A first calculation module 206 for calculating a first loss function value based on the second object instance label and the second object instance output, respectively, and a second loss function value based on the second object contour label and the second object contour output;
A second calculation module 207 for calculating a third loss function value from the first loss function value and the second loss function value;
an adjustment module 208, configured to adjust parameters of the model to be trained based on the third loss function value.
The dual-supervision model obtained by training the model training method provided in this embodiment considers that the detection target object, i.e. the second object, in the image to be detected is closely related to the first object, for example, the aneurysm is an abnormal bulge on the arterial wall, so before the second object in the image to be detected using the dual-supervision model is detected, the first object needs to be extracted from the image to be detected, and the first object is input into the dual-supervision model to output a detection result. The method has the advantages that long-time operation such as N4 correction is not needed when the first object is preprocessed, the detection efficiency is high, the first image is not needed to be divided into small blocks during detection, the sensitivity is high, and the operations such as image reconstruction and the like are avoided. In addition, the dual-supervision model is used for detecting the first object closely related to the second object, not detecting the whole image content, so that the efficiency and the accuracy are high during detection. The two branches of the double-supervision model respectively extract the outline features and all the features of the second object, detect possible second objects according to the outline features, and further judge whether the possible second objects are actually the second objects or not based on all the features, so that the false detection rate is reduced, and the detection precision is improved.

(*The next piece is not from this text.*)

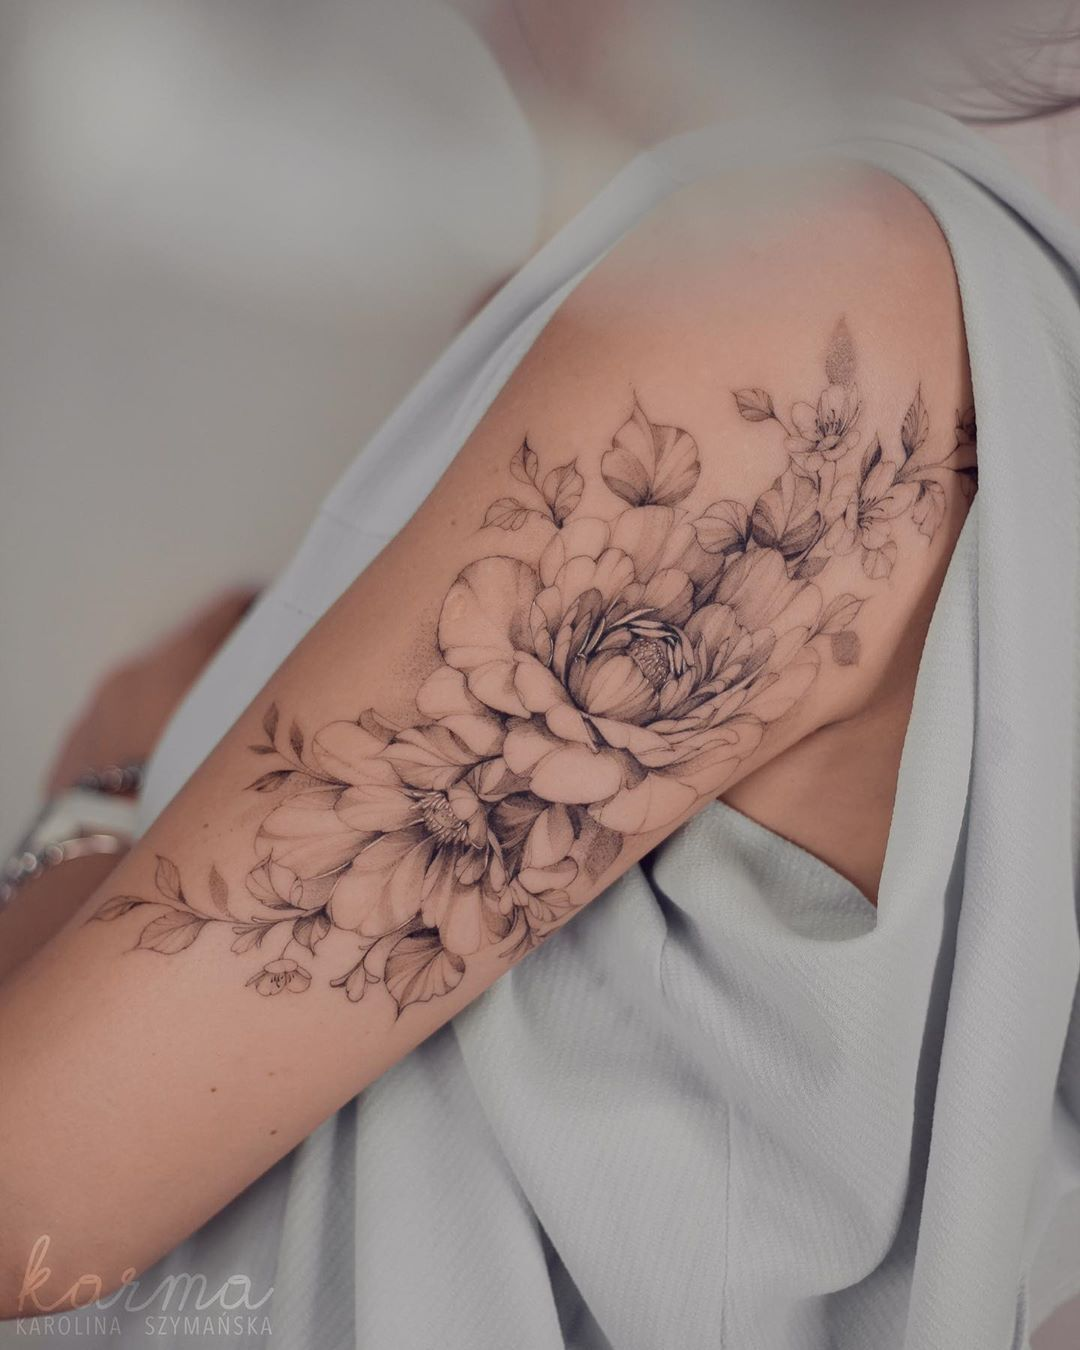 Tattoo artist Karolina Szymańska | Kraków, Poland | iNKPPL

For a specific description of the above device portion, reference may be made to the above method embodiment, and no further description is given here.
Example 3
The present embodiment provides a computer device, as shown in fig. 5, which includes a processor 301 and a memory 302, where the processor 301 and the memory 302 may be connected by a bus or other means, and in fig. 5, the connection is exemplified by a bus.
The processor 301 may be a central processing unit (Central Processing Unit, CPU). The Processor 301 may also be other general purpose processors, digital signal processors (DIGITAL SIGNAL processors, DSPs), graphics processors (Graphics Processing Unit, GPUs), embedded neural network processors (Neural-network Processing Unit, NPUs) or other special purpose deep learning coprocessors, application Specific Integrated Circuits (ASICs), field-Programmable gate arrays (Field-Programmable GATE ARRAY, FPGA) or other Programmable logic devices, discrete gate or transistor logic devices, discrete hardware components, etc., or a combination of the above.
The memory 302 acts as a non-transitory computer readable storage medium storing non-transitory software programs, non-transitory computer executable programs, and modules, such as the model training method of embodiments of the present invention. Corresponding program instructions/modules. The processor 301 executes various functional applications of the processor and data processing, i.e., implements the model training method in the method embodiments described above, by running non-transitory software programs, instructions, and modules stored in the memory 302.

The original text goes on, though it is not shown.